The Bill would create a new duty of care for online platforms towards their users, requiring them to take action against both illegal and legal but harmful content. Platforms failing this duty would be liable to fines of up to £18 million or 10% of their annual turnover, whichever is higher. It  would also empower Ofcom to block access to particular websites. Additionally, the Bill would oblige large social media platforms not to remove, and to preserve access to, journalistic or "democratically important" content such as user comments on political parties and issues.

The bill has been heavily criticised for its proposals to restrain the publication of "lawful but harmful" speech, effectively creating a new form of censorship of otherwise legal speech. As a result, in November 2022, measures that were intended to force big technology platforms to take down "legal but harmful" materials were removed from the Online Safety Bill. Instead, tech platforms will be obliged to introduce systems that will allow the users to better filter out the harmful content they don't want to see.However, the bill still grants significant powers to the Secretary of State to give tactical guidance to OFCOM, the media regulator, on the exercise of its functions, which includes the power to direct OFCOM as to the content of codes of practice. This has raised concerns about the government's unjustified intrusion in decisions that are about the regulation of speech and the unnecessary levels of interference and threats to the independence of OFCOM. The bill has been criticized for expanding unconstrained emergency-like powers that would allow the Secretary of State to direct OFCOM and even target individual companies, which could undermine OFCOM's authority and independence. The powers in the bill effectively create a new form of censorship of otherwise legal speech.

Provisions

Scope
Within the scope of the Bill is any "user-to-user service".  This is defined as an internet service by means of which content that is generated by a user of the service, or uploaded to or shared on the service by a user of the service, may be read, viewed, heard or otherwise experienced ("encountered") by another user, or other users. Content includes written material or messages, oral communications, photographs, videos, visual images, music and data of any description.

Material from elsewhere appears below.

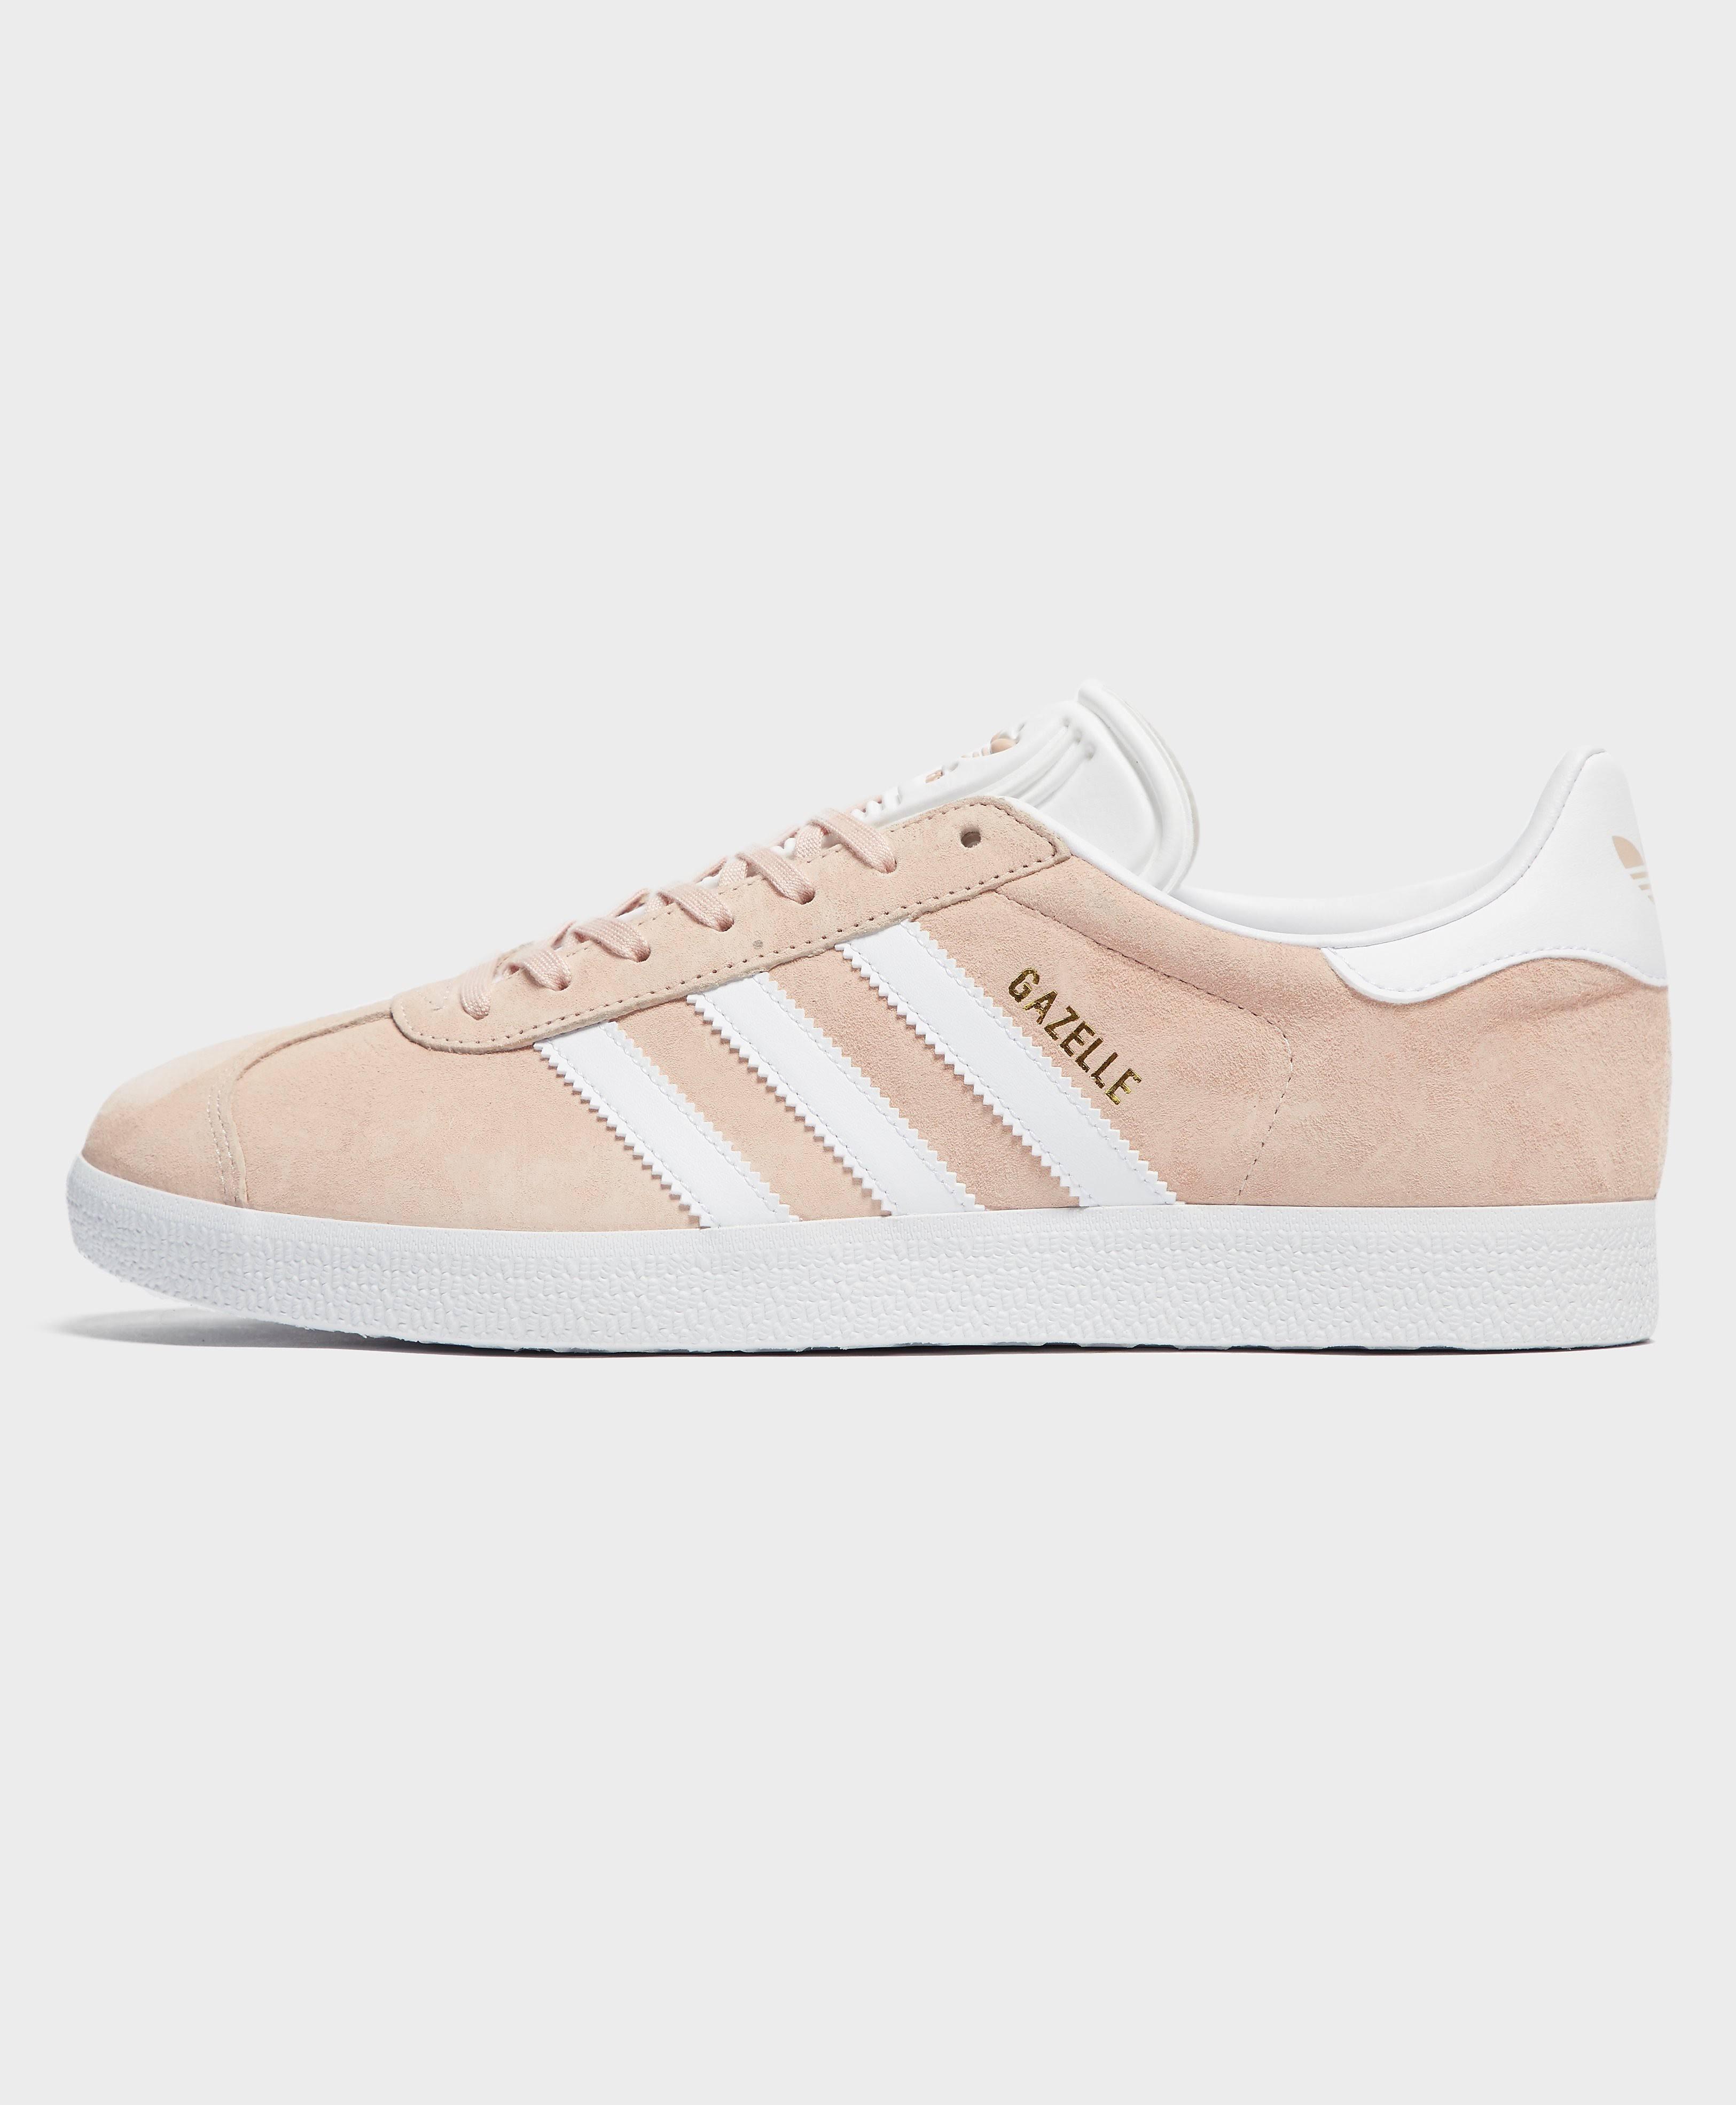 Adidas Originals Gazelle Vapour Pink

The duty of care applies globally to services with a significant number of United Kingdom users, or which target UK users, or those which are capable of being used in the United Kingdom where there are reasonable grounds to believe that there is a material risk of significant harm.

Duties
The Duty of Care refers to a number of specific duties to all services within scope:

 The illegal content risk assessment duty  
 The illegal content duties
 The duty about rights to freedom of expression and privacy
 The duties about reporting and redress 
 The record-keeping and review duties

For services 'likely to be accessed by children', adopting the same scope as the Age Appropriate Design Code, two additional duties are imposed:

 The children's risk assessment duties 
 The duties to protect children’s online safety

For Category 1 services, which will be defined in secondary legislation but are limited to the largest global platforms, there are four further new duties:

 The adults' risk assessment duties 
 The duties to protect adults’ online safety
 The duties to protect content of democratic importance 
 The duties to protect journalistic content

Enforcement
The Bill would empower Ofcom, the national communications regulator, to block access to particular user-to-user services or search engines from the United Kingdom, including through interventions by internet access providers and app stores.  The regulator will also be able to impose, through "service restriction orders", requirements on ancillary services which facilitate the provision of the regulated services.  The Bill lists in Section 92 as examples (i) services which enable funds to be transferred, (ii) search engines which generate search results displaying or promoting content and (iii) services which facilitate the display of advertising on a regulated service (for example, an ad server or an ad network). Ofcom must apply to a court for both Access Restriction and Service Restriction Orders. Clause 39 of the Bill also gives the Secretary of State the power to direct OFCOM to modify a draft code of practice for online safety if deemed necessary for reasons of public policy, national security or public safety. OFCOM must comply with the direction and submit a revised draft to the Secretary of State. The Secretary of State may give OFCOM further directions to modify the draft, and once satisfied, must lay the modified draft before Parliament. However, the Secretary of State can remove or obscure information before laying the review statement before Parliament.

Limitations
The Bill has provisions to impose legal requirements ensuring that content removals do not arbitrarily remove or infringe access to what it defines as journalistic content. Large social networks would be required to protect "democratically important" content, such as user-submitted posts supporting or opposing particular political parties or policies. The government stated that news publishers' own websites, as well as reader comments on such websites, are not within the intended scope of the law.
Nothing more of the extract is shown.